START SOURCE DATA

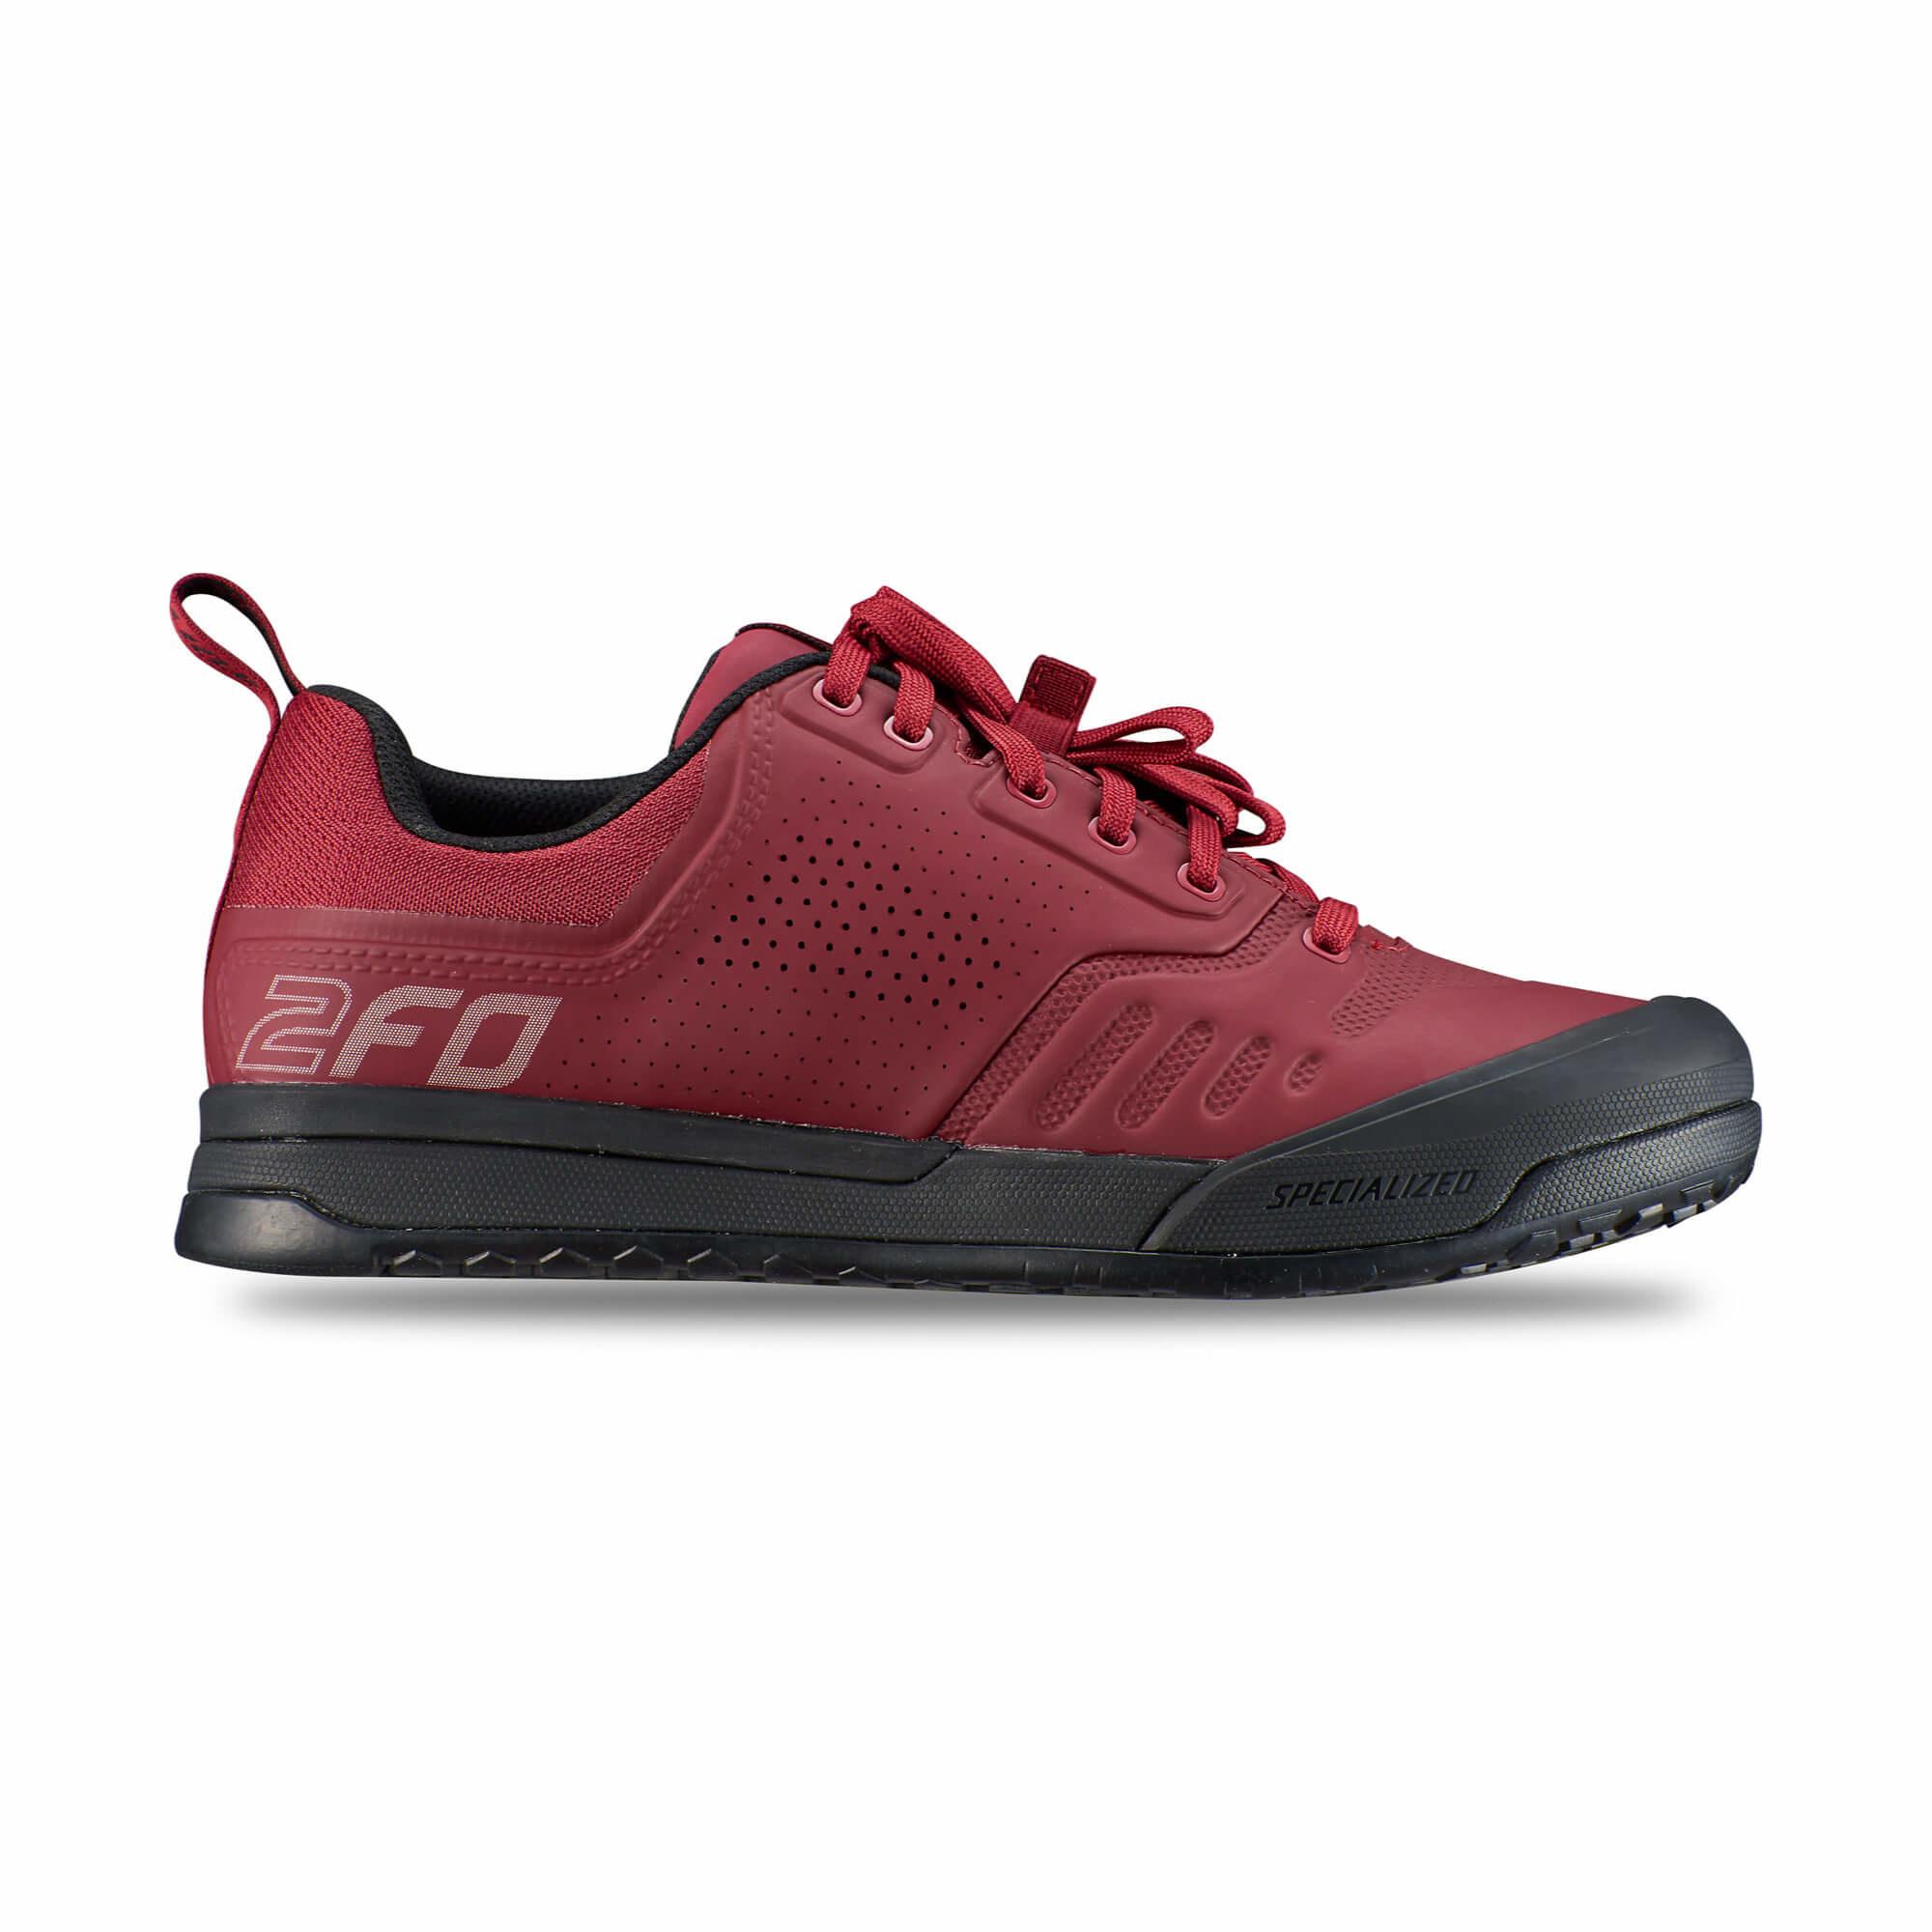 2FO Flat 2.0 MTB Shoe-5
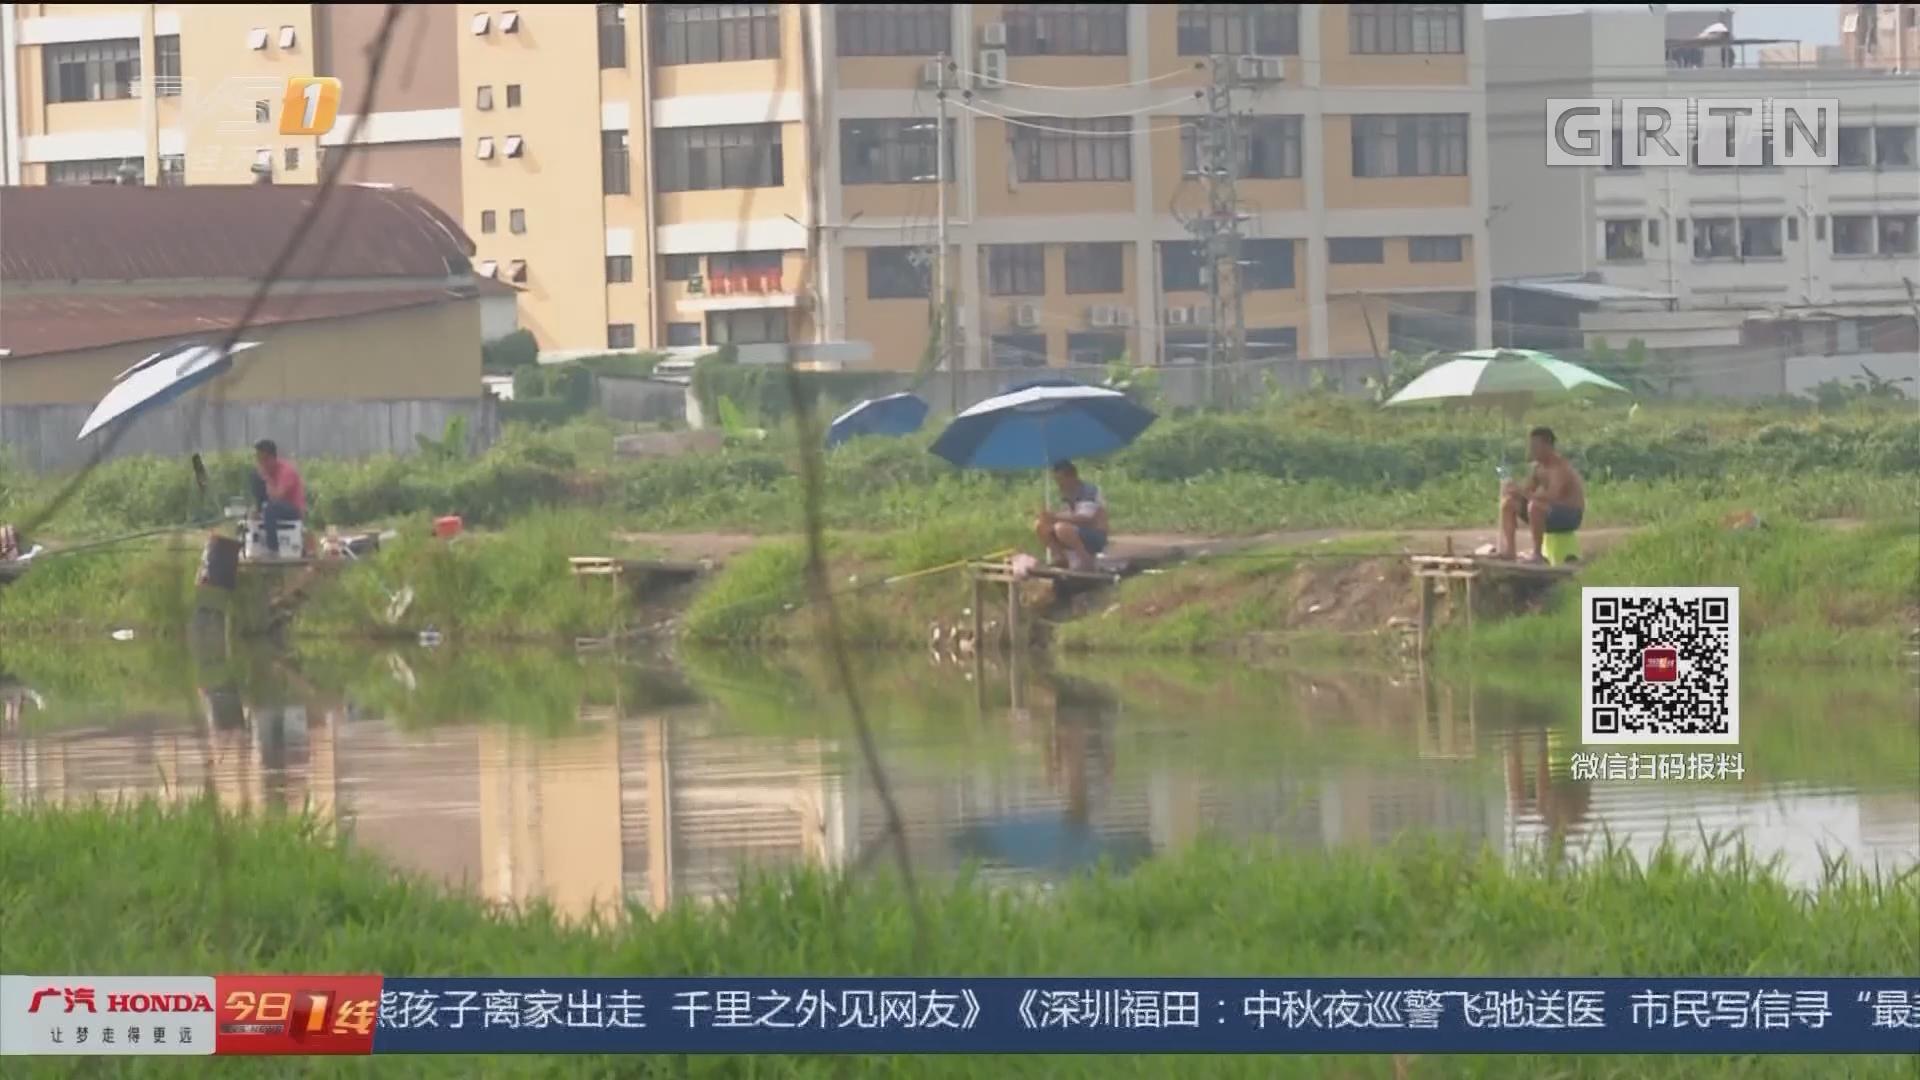 中山三乡:钓鱼不慎落水 消防紧急救援
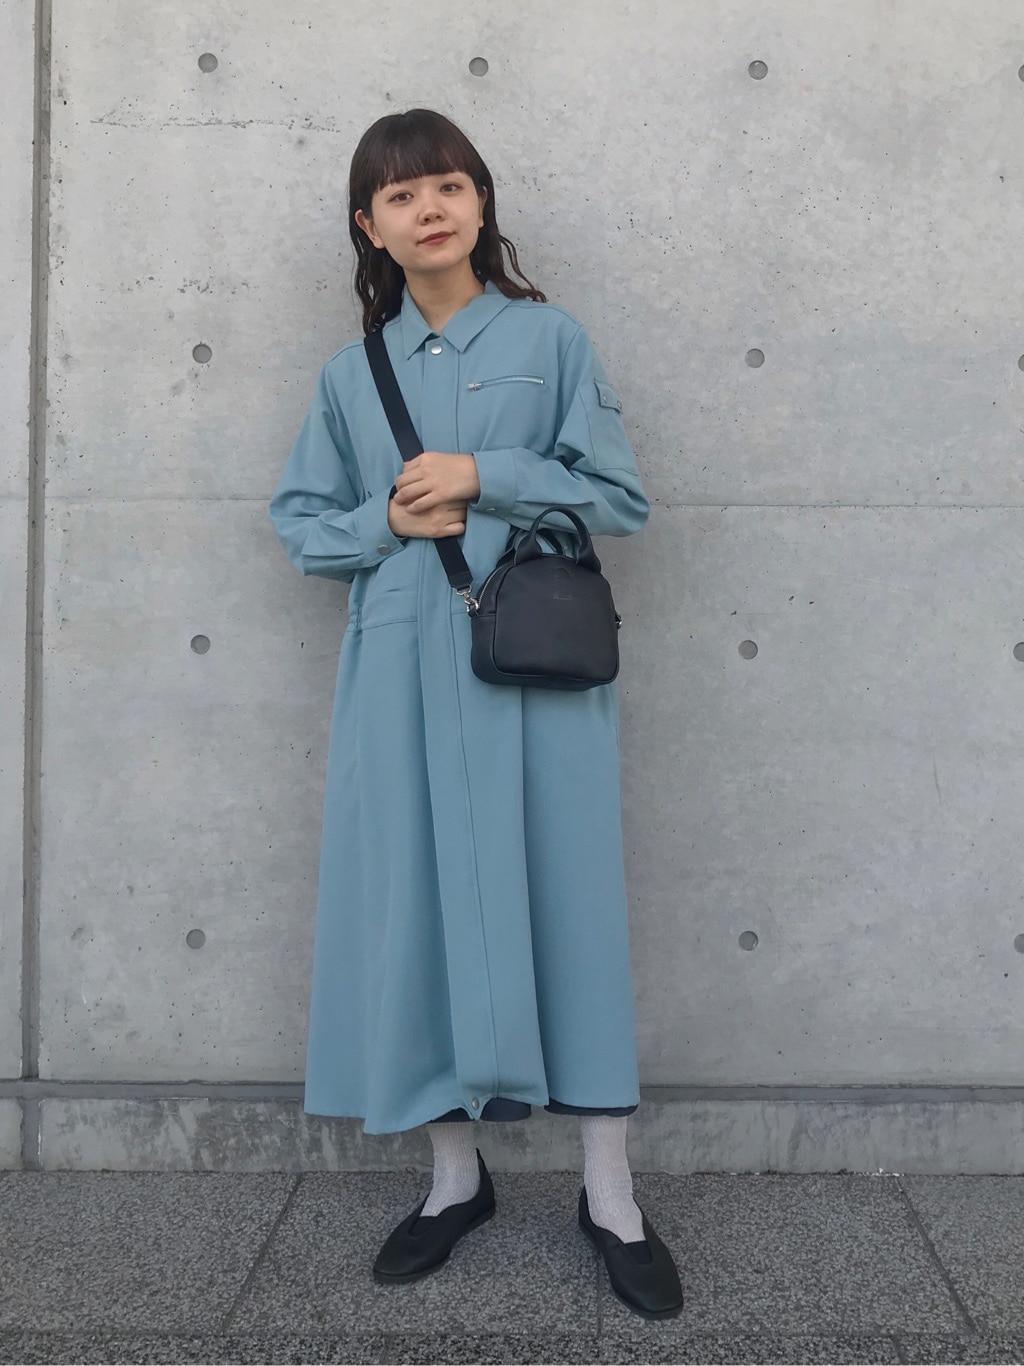 東京スカイツリータウン・ソラマチ 2020.09.14

END SOURCE DATA

[PROBLEM TO WORK ON]
Please retype the material in full, exactly as it reads, apart from the images.

[WRITTEN RESPONSE]
 2FO Flat 2.0 MTB Shoe-5
 中山三乡:钓鱼不慎落水 消防紧急救援
 東京スカイツリータウン・ソラマチ 2020.09.14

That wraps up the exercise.